Lunar New Year Hunting for signs of Modified Gravity

We just finished the Korean Lunar New Year holiday called Solnal (or 설날). I was not feeling physically adventurous so didn’t do any traveling over this time, but rather relaxed at home with some nice whisky, read “Antifragile” by Nassim Nicholas Taleb, finished watching the first series of “Westworld” and then just for a bit of fun, done some hunting (or practice hunting) for deviations from Einstein’s gravity.

Martin White recently wrote a paper (arXiv:1609.08632) on the possible advantages of using Marked (weighted) correlation functions as a tool for investigating modified gravity. So I (with Yi Zheng) thought we would have a go at trying this, and I’ll present here what I find.

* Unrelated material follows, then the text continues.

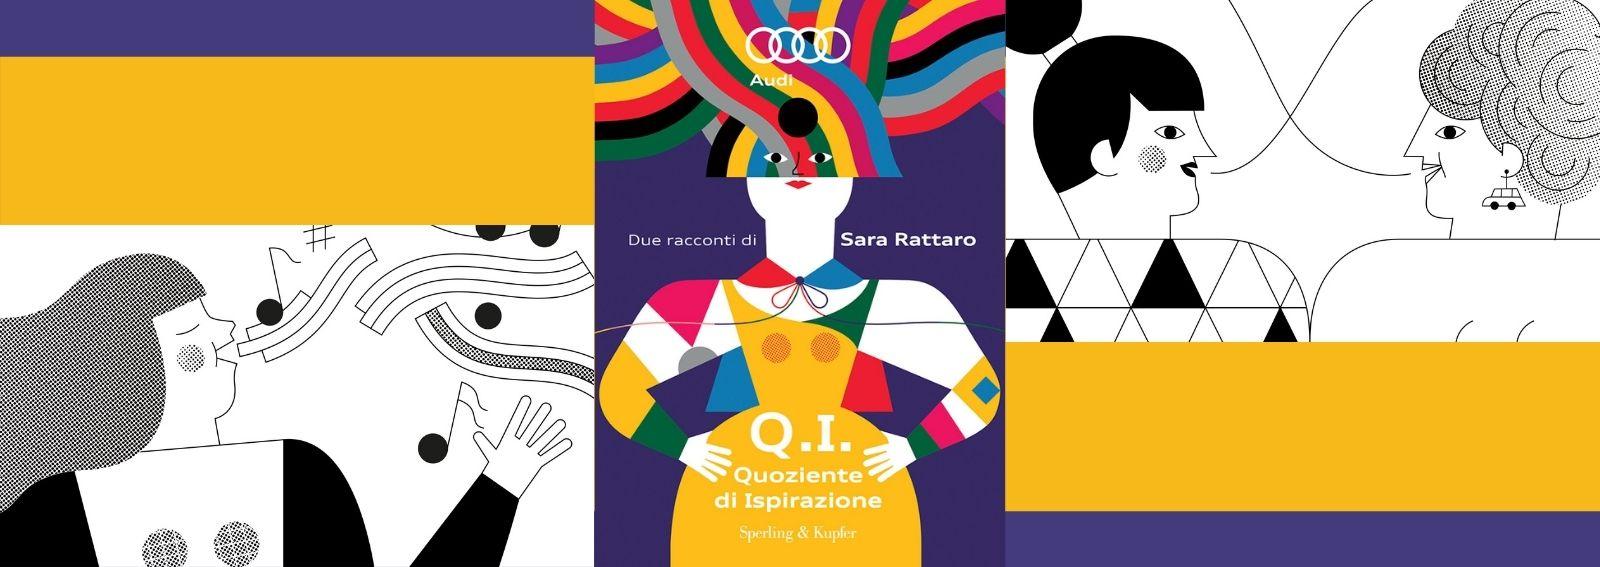 Audi per BookCity Q.I. Quoziente di ispirazione libro di Sara Rattaro DESK
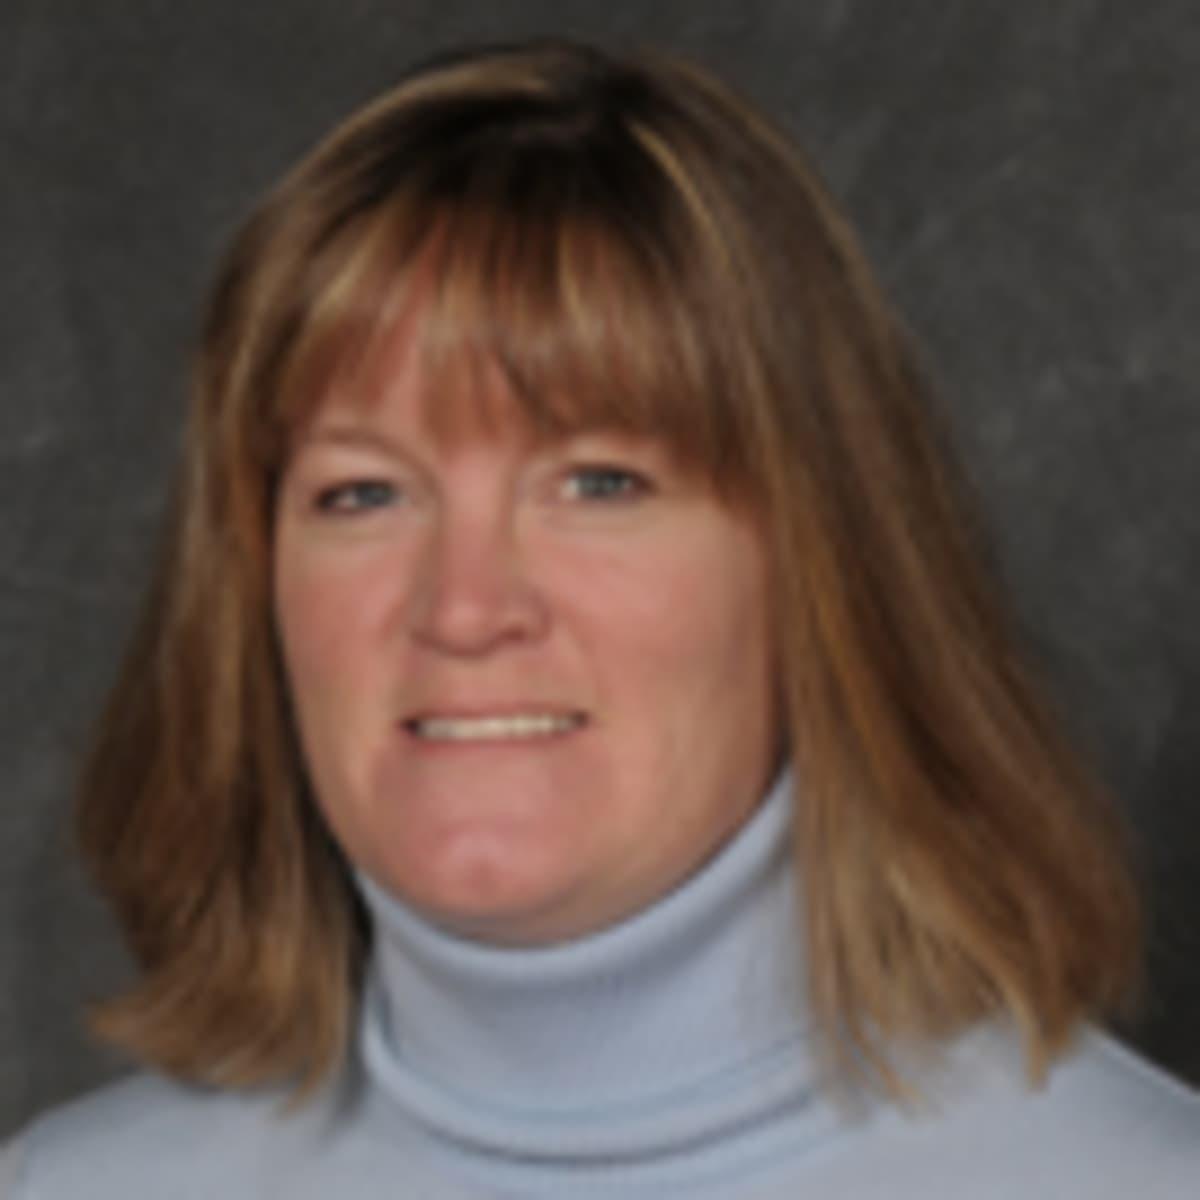 Credentials Dr Carolyn Milana Md Stony Brook Ny

To do this analysis we need:
1) some code for calculating the correlation functions. I have already written a fast MPI+tree code for measuring these kind of statistics (KSTAT).
2) Cosmological N-body simulations of different gravity models. I contacted Baojiu Li to ask if we can use his simulations of modified gravity. He was happy to help and collaborate on this project 🙂

Data

Baojiu provided us with dark matter halo snapshots at z=0. The size of the box is 1024Mpc on the side and the sample is split into a high mass (M>10^13 Msun) and a low mass (M
<10^13 Msun) samples. There is one GR (general relativity) or rather Newtonian simulation and two simulations of the f(R) gravity with varying values for the |fR0| parameter, |f(R0)|=10^-5 and 10^-6.

Density Estimation

To estimate the density at every galaxy (or DM halo) I opted to use the Voronoi Tesselation scheme. Two reasons for this: 1) I never tried before so thought it would be good to learn 2) I know that the Voronoi should have good resolution on small scales owing to its intrinsic lack of a smoothing scale (although this is not exactly true, as we shall see later).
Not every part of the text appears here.